Густав Носке, бывший губернатор Киля и член эбертовского правительства, по внешнему облику схожий с бандитом с большой дороги — короткое грузное туловище, пудовые кулаки, печать вырождения на лице, — садист по убеждению и палач по призванию, охотно взял на себя роль душителя. На узком, закрытом заседании правительства, когда обсуждался вопрос о плане окончательного разгрома ноябрьской революции, кто-то спросил Носке, не возьмется ли он возглавить это «высокопатриотическое дело»? Пожав плечами и грубо хмыкнув, Носке, не задумываясь, ответил:
— Почему бы и нет? Кто-нибудь из нас должен же взять на себя роль кровавой собаки!..
«Кровавая собака Носке» — так и вошел этот выродок в историю.
Разумеется, громить надо было прежде всего оплот революции — берлинский пролетариат. Носке назначается главнокомандующим войсками «по наведению порядка». В столице объявлено осадное положение.
Осадное положение? Давно ли боролись против него вместе со спартаковцами и «независимцы»? Давно ли его ставили в вину кайзеровскому правительству?
А теперь осадное положение объявили «народные представители» и направлено оно было против революции.
Но нельзя же, в самом деле, за здорово живешь начать стрелять в людей, идущих по улицам, или врываться к ним в дома и убивать там! Это стало возможным через четырнадцать лет — недоделки Эберта исправил Гитлер. Но у Эберта и Носке было более сложное положение: революция все еще держалась на гребне, и неизвестно, надолго ли хватило бы у народа терпения и веры в правительство. Поэтому следовало действовать под маркой «наведения порядка». А чтобы наводить порядок, надо было вызвать беспорядки — спровоцировать их, а затем усмирить.
Повод был выбран удачный: 4 января правительство сместило берлинского полицей-президента, левого «независимца» Эйхгорна и назначило на его место правого социал-демократа Евгения Эрнста.

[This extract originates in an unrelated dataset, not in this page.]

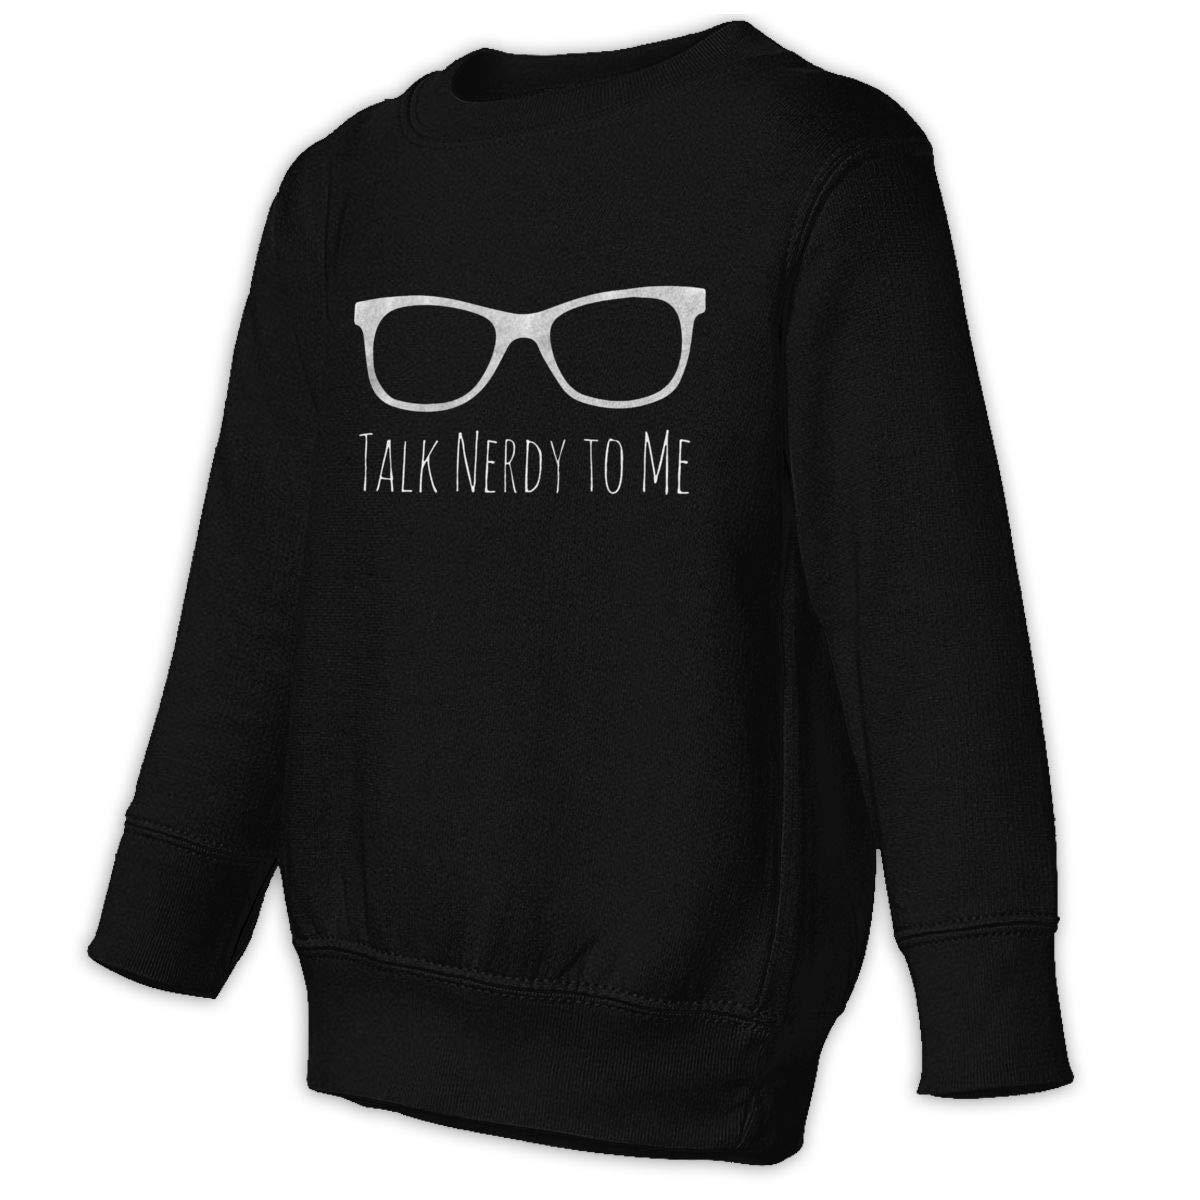 Yuliang Geek Talk Nerdy To Me Children Personality Sweater Black

Эйхгорн отказался выполнить приказ об устранении от должности, мотивируя тем, что он поставлен на пост полицей-президента исполнительным комитетом и подчиняется только ему. В исполнительном комитете подавляющее большинство было на стороне правительства, но правительство не пожелало даже выполнить такой формальности — получить санкцию исполнительного комитета, которая вне сомнений была бы дана. Правительство предпочитало бойню, а бойня могла быть только в том случае, если бы рабочие поддержали эйхгорновское требование. Правительство рассчитало правильно: рабочие поддерживали Эйхгорна и возмутились произволом, совершенным над ним. В тот день была выпущена листовка о созыве на 5 января массовой демонстрации. «Удар, нанесенный Эйхгорну, метит в германский пролетариат, в германскую революцию», — писалось в листовке.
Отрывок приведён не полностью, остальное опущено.